N°153 Lundi 8 Oct, 7 heures
Je me souviens qu’hier, étourdiment je vous ai encore adressé ma lettre aux Champs Elysées. Elle vous sera peut-être arrivée quelques heures plus tard.
Je suis fâché de ce que mande M. de Médem, plus fâché que surpris. Il m’a toujours paru, par ses lettres que votre frère était réellement blessé de votre peu de goût pour la Russie. C’est bien lui qui sincèrement ne conçoit pas que vous ne préfériez pas à tout, votre état de grande Dame auprès du grand Empereur dans le grand pays. M. de Lieven est encore plus soumis, pour parler convenablement mais moins russe et vous comprend mieux. Rien n’est pire que l’humeur sincère d’un honnête homme de peu d’esprit. Il se croit fondé en raison, et ce qu’il y a de plus intraitable, c’est la conviction qu’on a raison. M. de Médem aura peut-être choqué encore votre frère en lui répétant que, bien réellement, avec votre santé, vos habitudes, vos goûts, vous ne pouviez vivre ailleurs qu’à Londres ou à Paris. Les gens d’esprit vont quelque fois trop brutalement au fait. Enfin je raisonne, je cherche, je voudrais tout savoir et tout expliquer, tant cela intéresse. Je voudrais surtout que vous eussiez auprès de l’Empereur quelqu’un de bienveillant et d’intelligent, qui vous comprît, et vous fît comprendre. Je crois toujours qu’avec de l’esprit de la bonne volonté et du temps on peut beaucoup, quand on est toujours là. M. de Nesselrode et Matonchewitz, à ce qu’il me semble y seraient seuls propres. Mais l’un est trop affairé, l’autre trop petit, et ni l’un ni l’autre ne s’en soucie assez. Je suppose que vous avez répondu à votre mari.
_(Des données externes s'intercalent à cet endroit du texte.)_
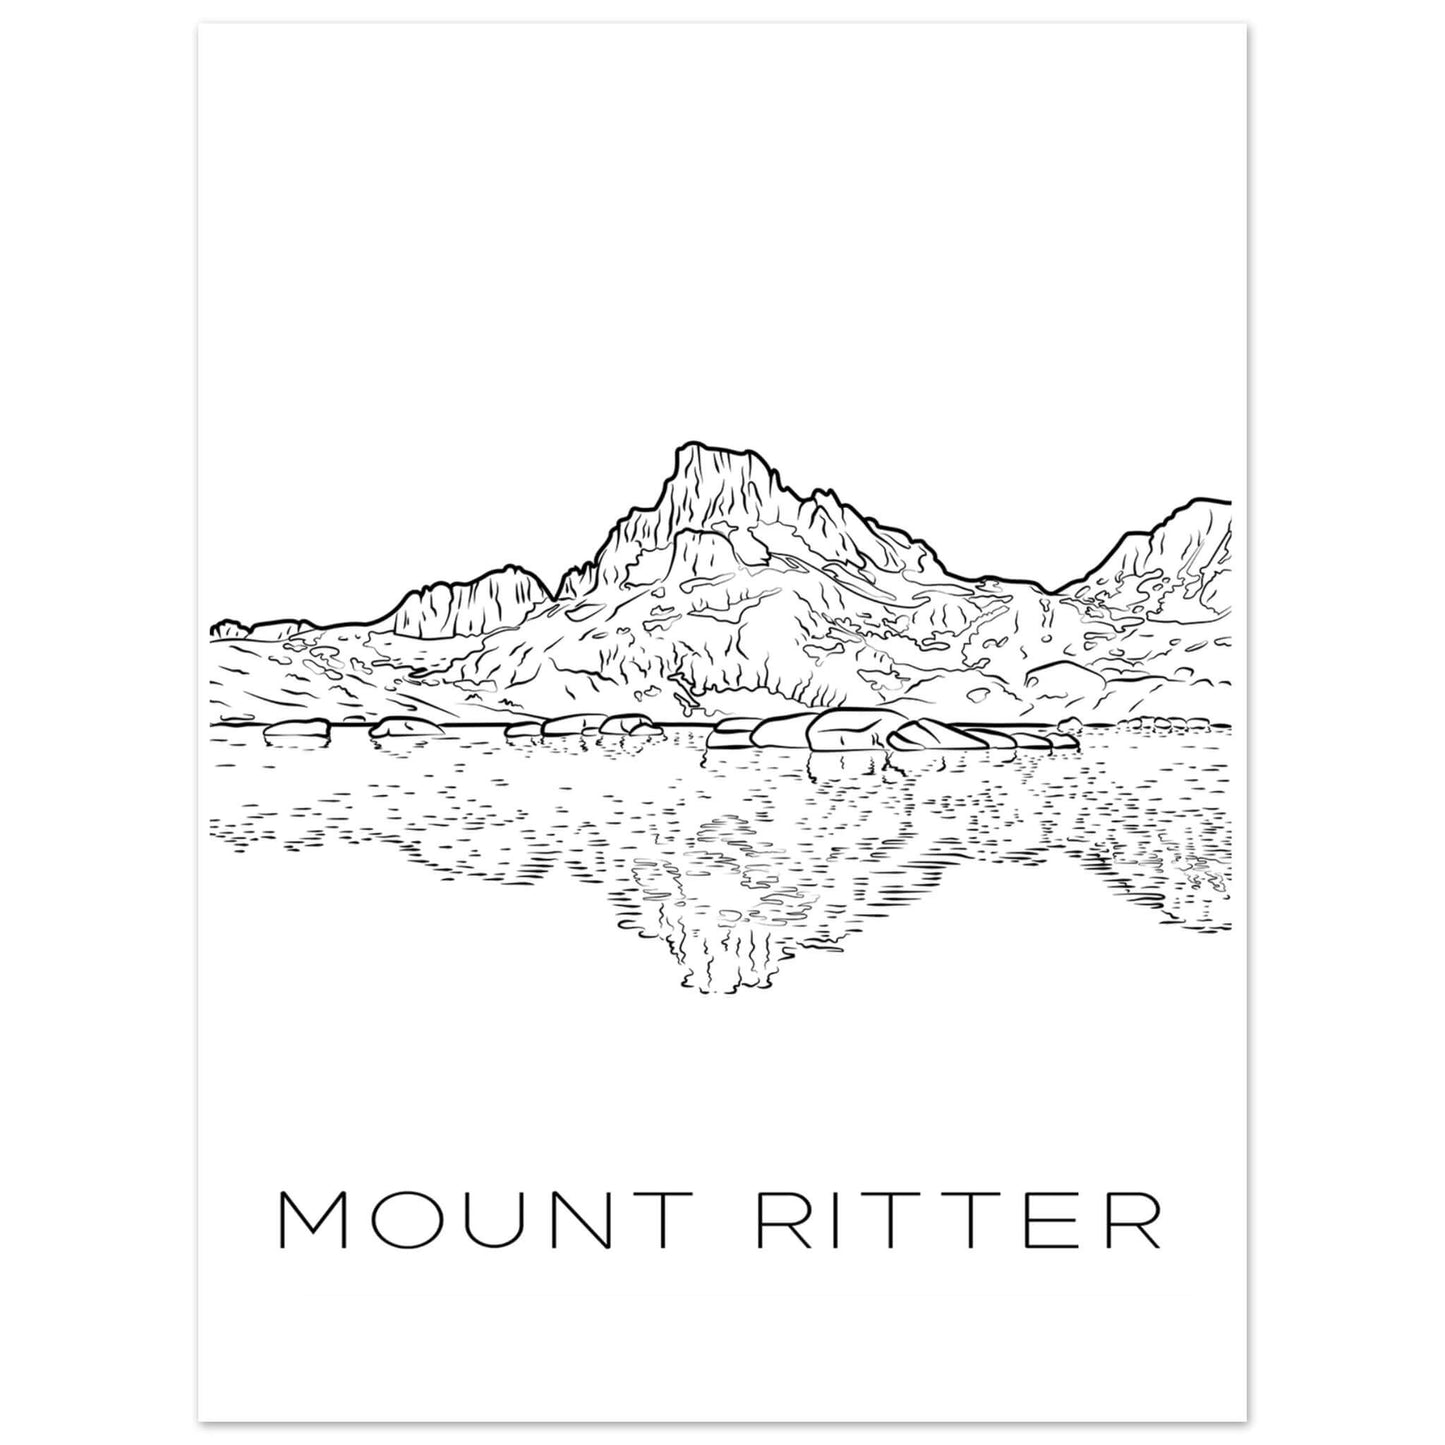 Mount Ritter - Black & White
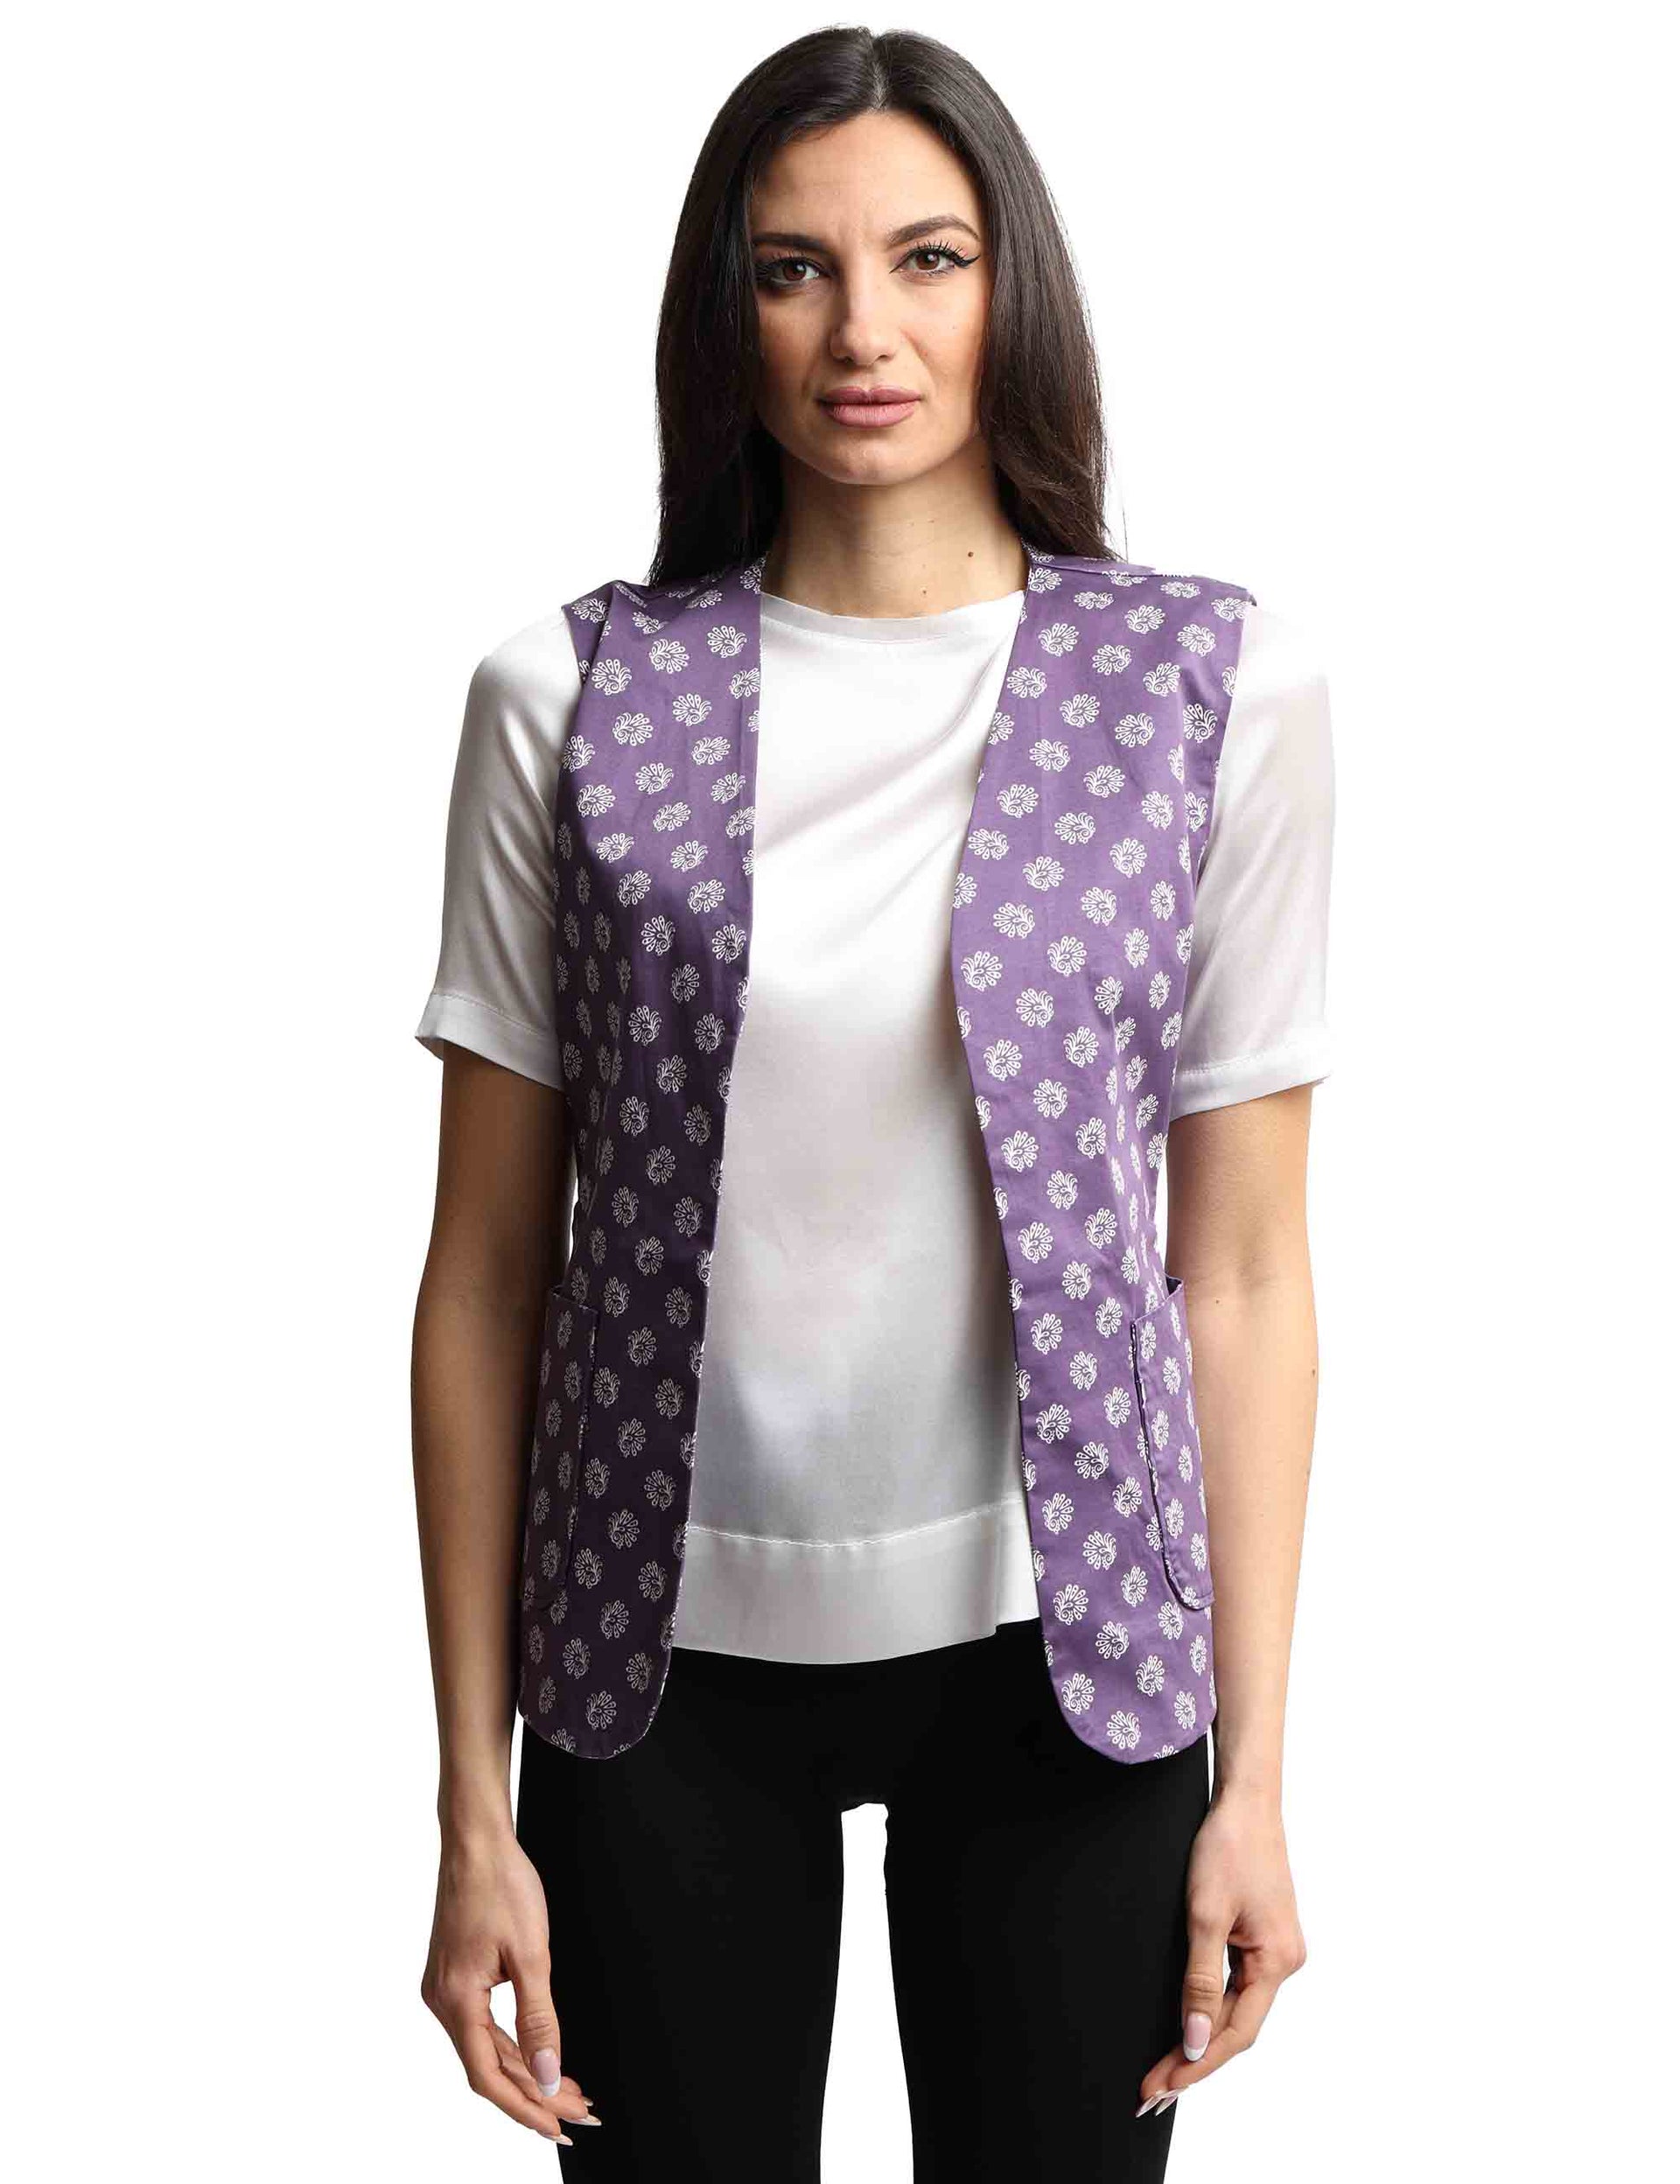 Decorated purple cotton women's vest

Montrond a passé en effet son temps chez Thiers. Je suis curieux de ce qu’il y a porté et de ce qu’il en a rapporté, au moins de ce qu’il en dit. Je le verrai à mon retour. Il a vraiment de l’esprit, de l’esprit efficace. Il faut beaucoup pour qu’il rajeunisse un peu. Il était cruellement cassé.
8 h 1/2
Je viens de sortir pour aller voir mes ouvriers. Je plante des arbres. Nous avons depuis huit jours un temps admirable. Ma mère et mes enfants en profitent beaucoup dix fois dans le jour, je les envoie, au grand air, comme on envoie les chevaux à l’herbe. Nous nous promenons ensemble après déjeuner. Le matin, tout à l’heure j’assiste au premier déjeuner de mes enfants, chez ma mère. Trois fois par semaine ; ils viennent chez moi tout de suite après prendre une leçon d’arithmétique. Le soir de 9 heures et demie à 8h 1/2, je leur lis de vieilles Chroniques sur les croisades, qui les amusent extrêmement. Le reste du temps, je suis dans mon cabinet ou je me promène pour mon compte.
Quel est donc le mal de la Princesse Marie ? Quel qu’il soit, j’en suis fâché, et j’espère que ce n’est pas vraiment grave. Elle a de l’esprit. J’ai quelque fois causé avec elle tout -à-fait agréablement. Je m’intéresse à elle comme à une personne en qui on a entrevu en passant plus que le monde n’y verra, et qu’elle-même ne saura très probablement.
J’ai eu hier beaucoup de visites. On se hâte de venir me voir. J’aurai d’ici à quinze jours, quelques dîners à Lisieux private dinners, pas de banquet. Je n’en veux pas cette année Je l’ai dit à mes amis et ils l’ont fort bien compris. Je ne veux pas parler politique avant la Chambre.
10 h.
Le facteur m’arrive au milieu de ma leçon d’arithmétique. Je reçois des nouvelles de l’arrivée de Mad. d’Haussonville. Je veux écrire un mot à M. de Broglie. Adieu. Adieu, comme à la Terrasse, dans ses meilleurs jours. G.